Ole Georg Gjøsteen (9 February 1854 – 19 June 1936) was a Norwegian educator and politician for the Norwegian Labour Party.

==Personal life==
He was born in Stordøen Municipality, and was the older brother of politician and educationalist Johan David Haslund Gjøstein.

In October 1877 he married Emilie Josefine Sundbye. The couple had seven daughters and four sons.

==Career==
An instrument maker by profession, Gjøsteen became involved in the growing worker's movement in Norway. He became a member of Kristiania Arbeidersamfund in 1871, and as political parties were established in the 1880s, Gjøsteen joined the radical wing of the Liberal Party. From 1888 to 1891 he chaired De forenede norske arbeidersamfund.

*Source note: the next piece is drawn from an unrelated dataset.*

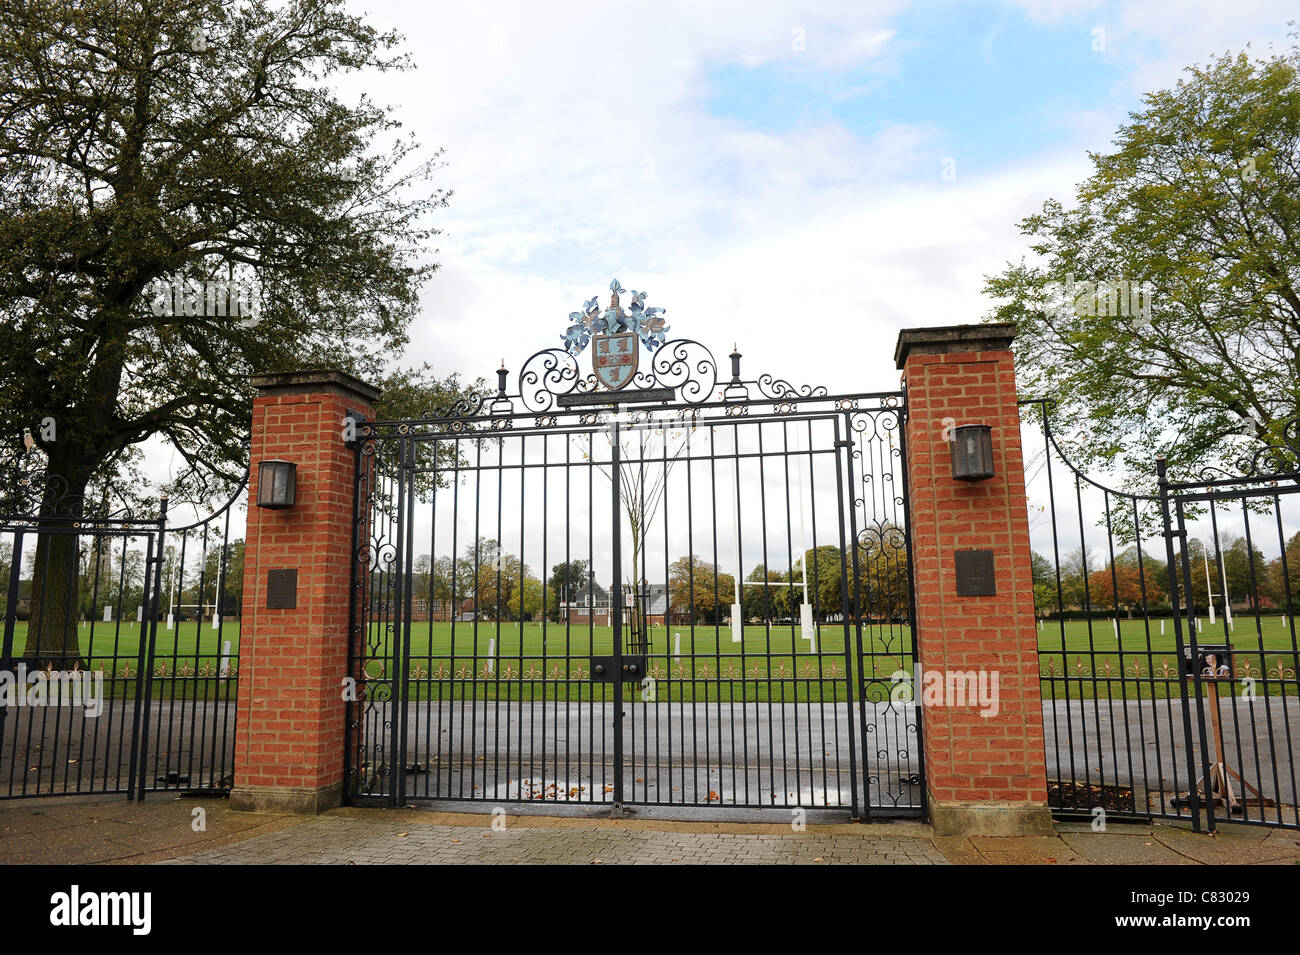 Rugby Public School entrance gates Warwickshire England Uk Stock Photo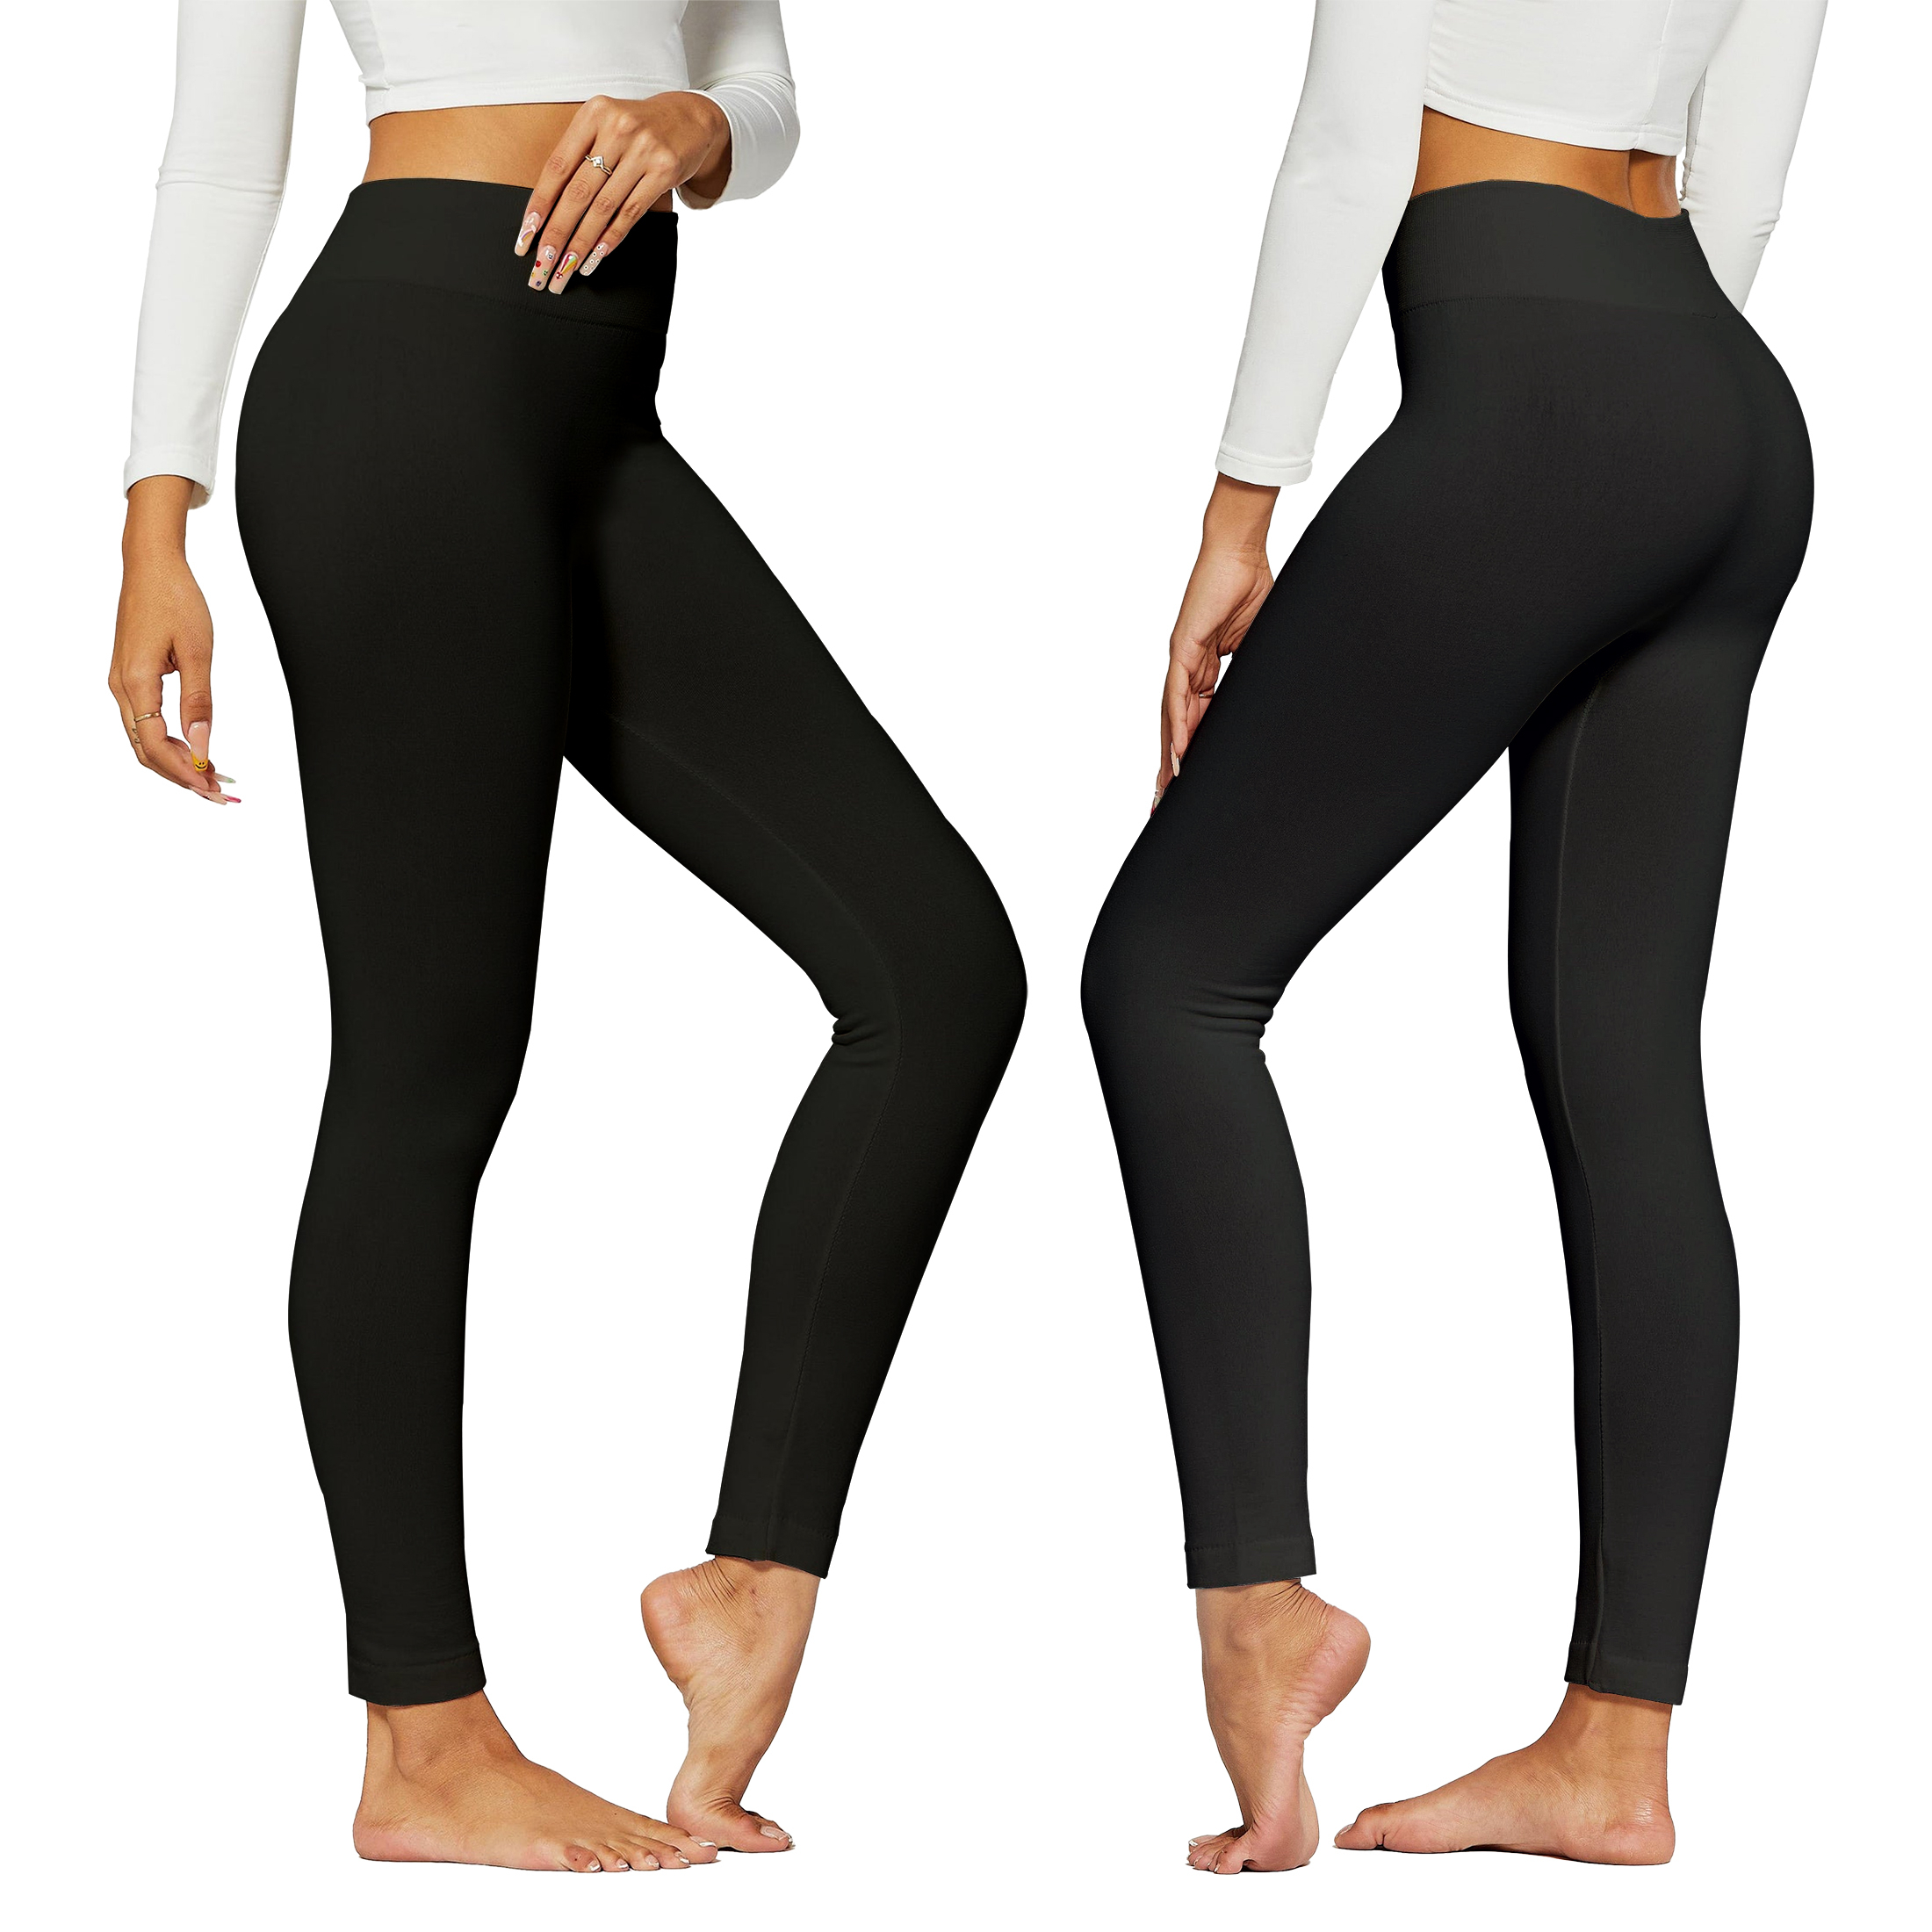 Women's Premium Quality High-Waist Fleece Lined Leggings (Plus Size Available) - Black, 1X/2X

During this period Gjøsteen was among the founding members of the Norwegian Union of Iron and Metalworkers, and he also left the Liberal Party to found the more radical Norwegian Labour Party in 1887. He chaired this party nationally, from 1892 to 1893. He was elected to Kristiania city council in 1895, and served until 1919. Although not a member of Parliament, he marked himself as a proponent of universal suffrage and dissolution of the personal union between Sweden and Norway. General suffrage would be introduced in 1898 for men, and 1913 for women, whereas the union was dissolved in 1905.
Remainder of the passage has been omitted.